**Problem description:**
Print out the data exactly, keeping every image out of it.

**Stored data:**
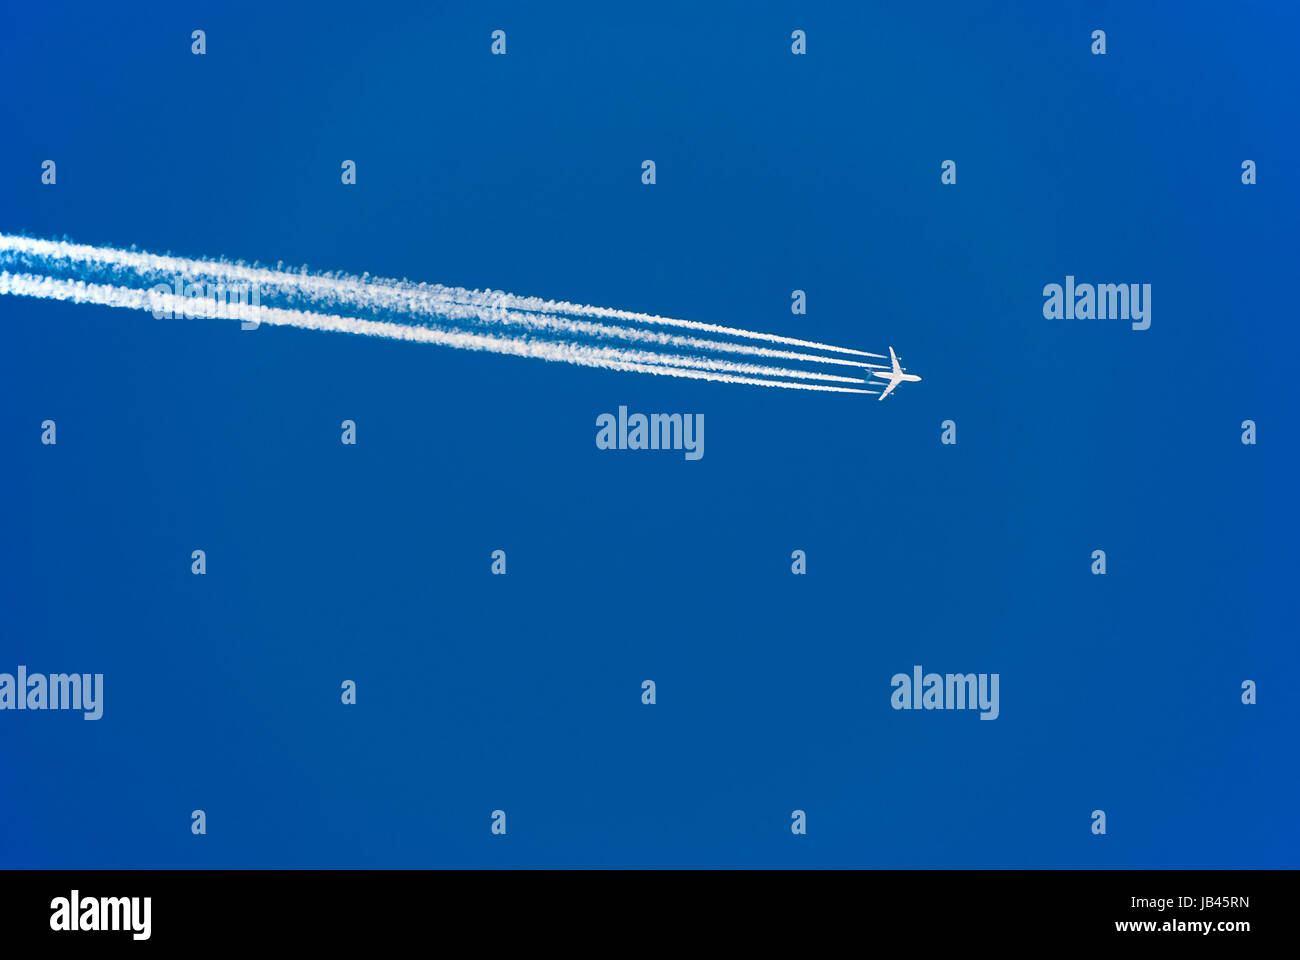 Flugzeug mit vier Triebwerken Kondensstreifen und am blauen Himmel ; avion avec quatre moteurs à réaction et les traînées de condensation dans le ciel bleu Banque D'Images
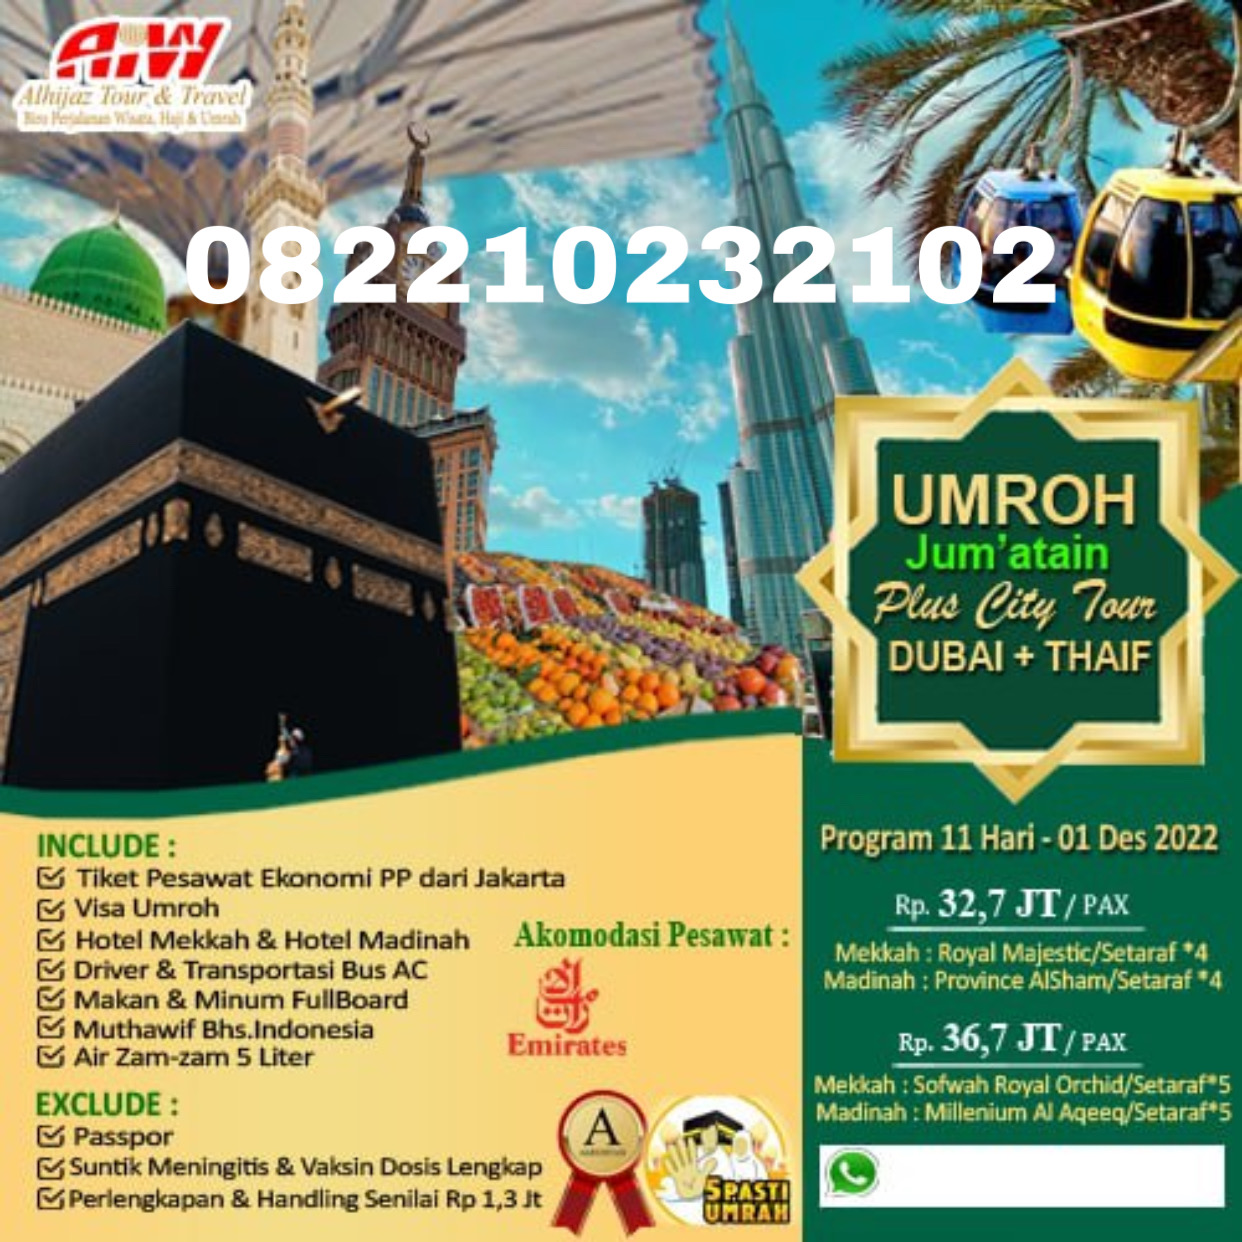 Promo Umroh Jum’atain 11 hari  ( City Tour Dubai + Thaif )
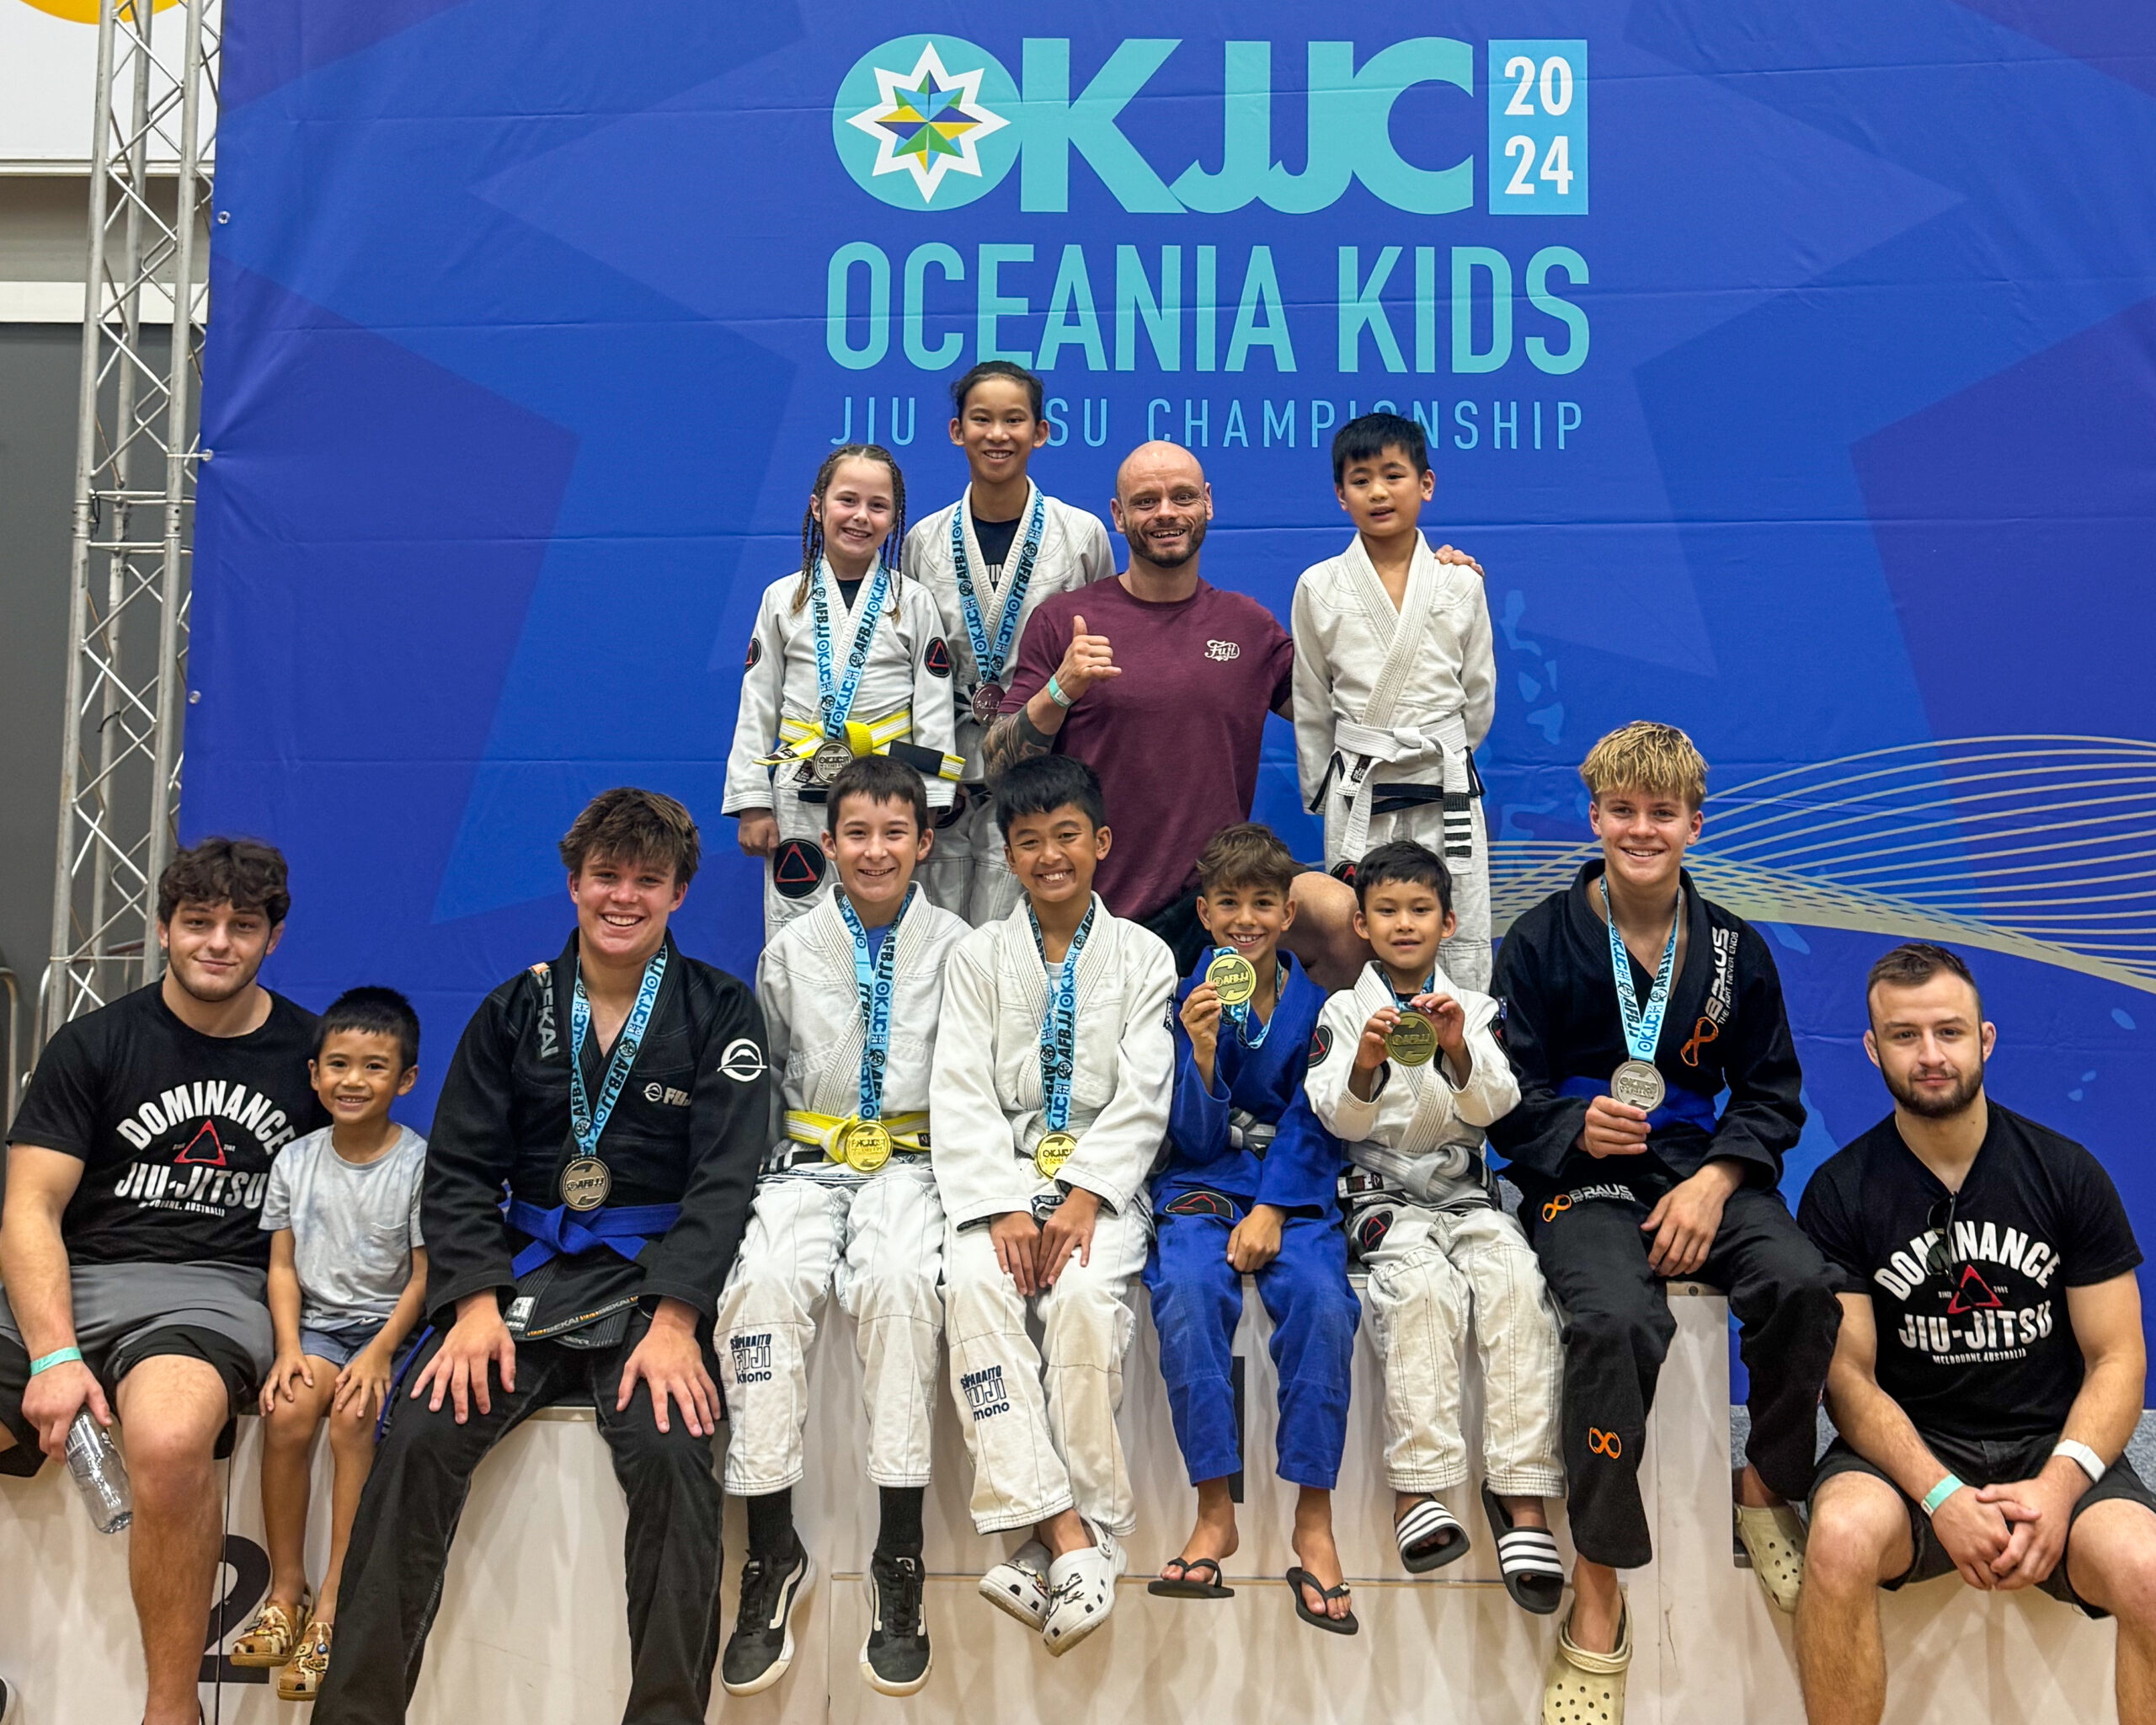 AFBJ Oceania Kids Jiu Jitsu Championships
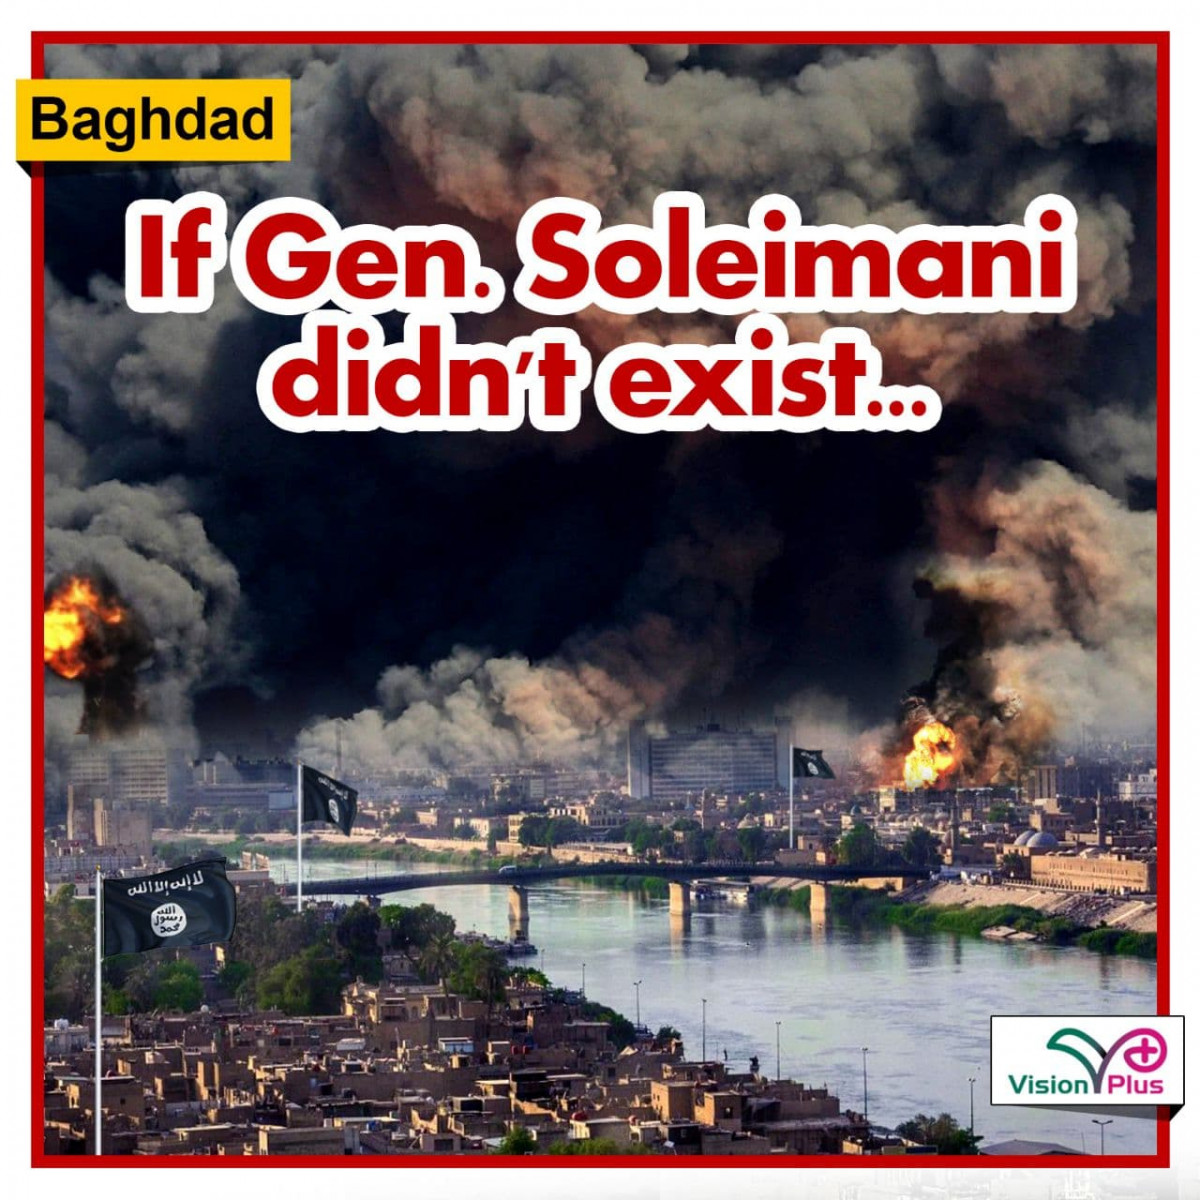 If Gen. Soleimani didn't exist

**Solution below:**
 Flugzeug mit vier Triebwerken Kondensstreifen und am blauen Himmel ; avion avec quatre moteurs à réaction et les traînées de condensation dans le ciel bleu Banque D'Images
 Promo Umroh Jum’atain 11 hari  ( City Tour Dubai + Thaif )
 AFBJ Oceania Kids Jiu Jitsu Championships
 If Gen. Soleimani didn't exist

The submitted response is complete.